The well-traveled Stastny has already played for four teams — including two stints with the Winnipeg Jets — so fitting in and finding chemistry with teammates should not be an issue for a veteran who is 16 goals shy of 300 for his career.
“My wife and I have always wanted a chance to win,” Stastny said. “It’s later in our career. We’ve been fortunate enough to play on good teams, and you come close and you realize how hard it is. Maybe it might never come. That’s all right. But as long as you give yourself a chance and you have good teams come knocking on your door and they think you’re valuable, I think that’s a risk we’re always willing to take.”
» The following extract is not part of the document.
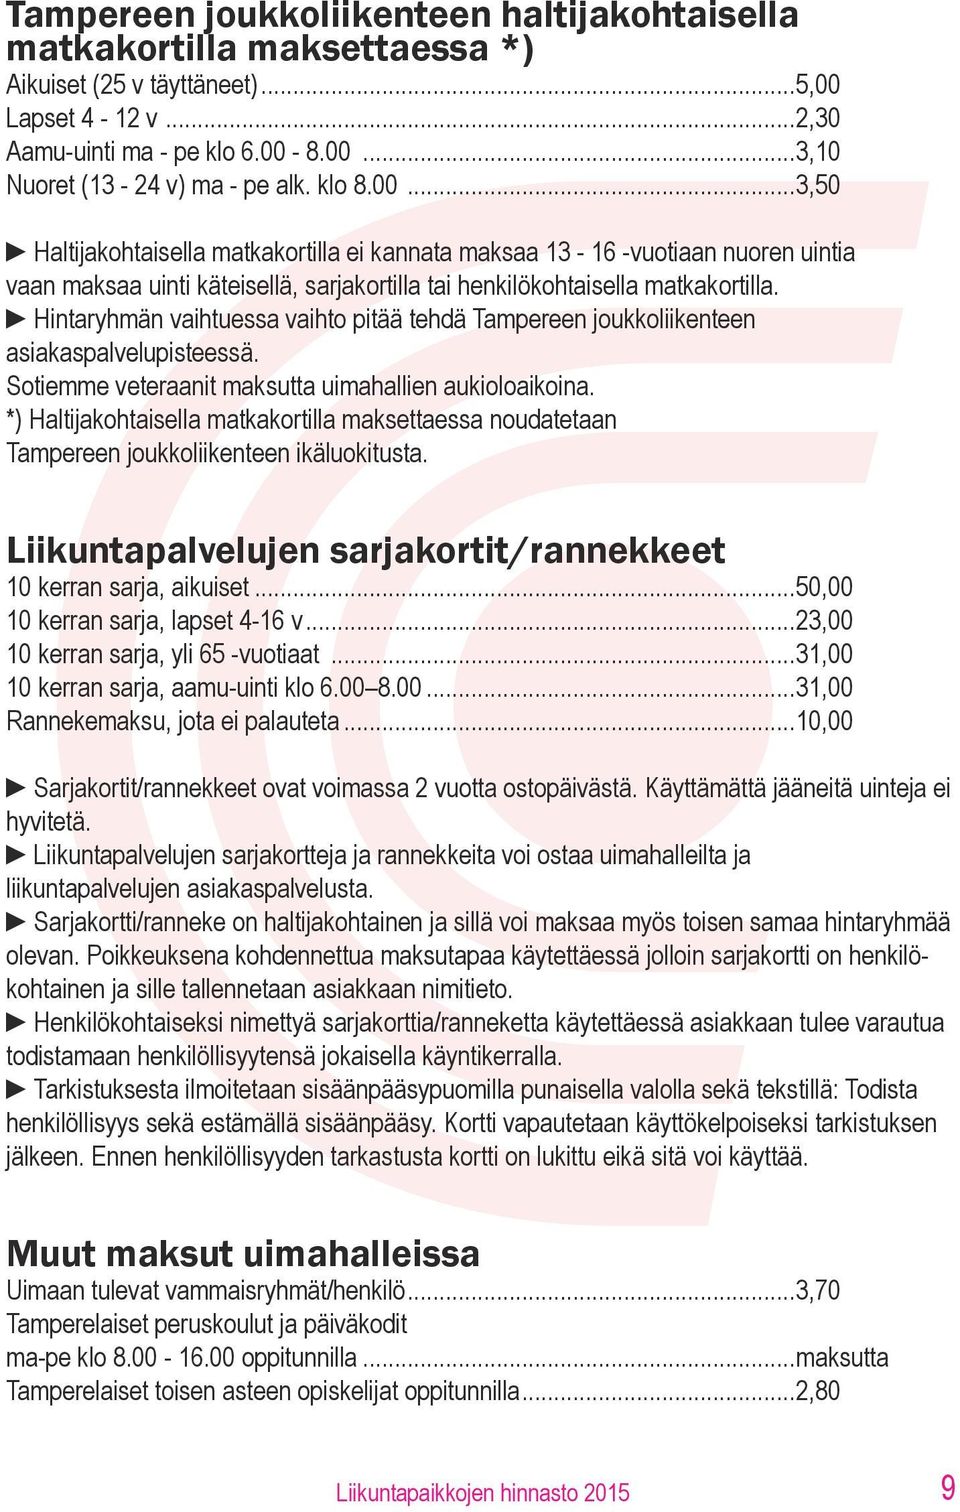 Hintaryhmän vaihtuessa vaihto pitää tehdä Tampereen joukkoliikenteen asiakaspalvelupisteessä. Sotiemme veteraanit maksutta uimahallien aukioloaikoina.

On a struggling Jets team that did not make the postseason in the Western Conference in 2021-22, Stastny managed 21 goals and 45 points, and he did so while averaging 17 minutes, 46 seconds on the ice.
He picked up a larger role after the Jets pared down their forwards, sending center Andrew Copp to the New York Rangers. That clearly helped, as he topped the 20-goal barrier for the first time since 2013-14, when he netted 25 for the Colorado Avalanche.
“Paul is an extremely reliable veteran who has been effective at both ends of the ice for his entire career,” Hurricanes general manager Don Waddell said in a statement. “He adds even more experience and leadership to our forward group, and we are excited to have him in Carolina.”
The Hurricanes have had a busy offseason. Among the moves, they traded for defenseman Brent Burns and Pacioretty and signed winger Ondrej Kase. They lost forwards Nino Niederreiter and Vincent Trocheck in free agency and traded defenseman Tony DeAngelo.
The Associated Press contributed to this report.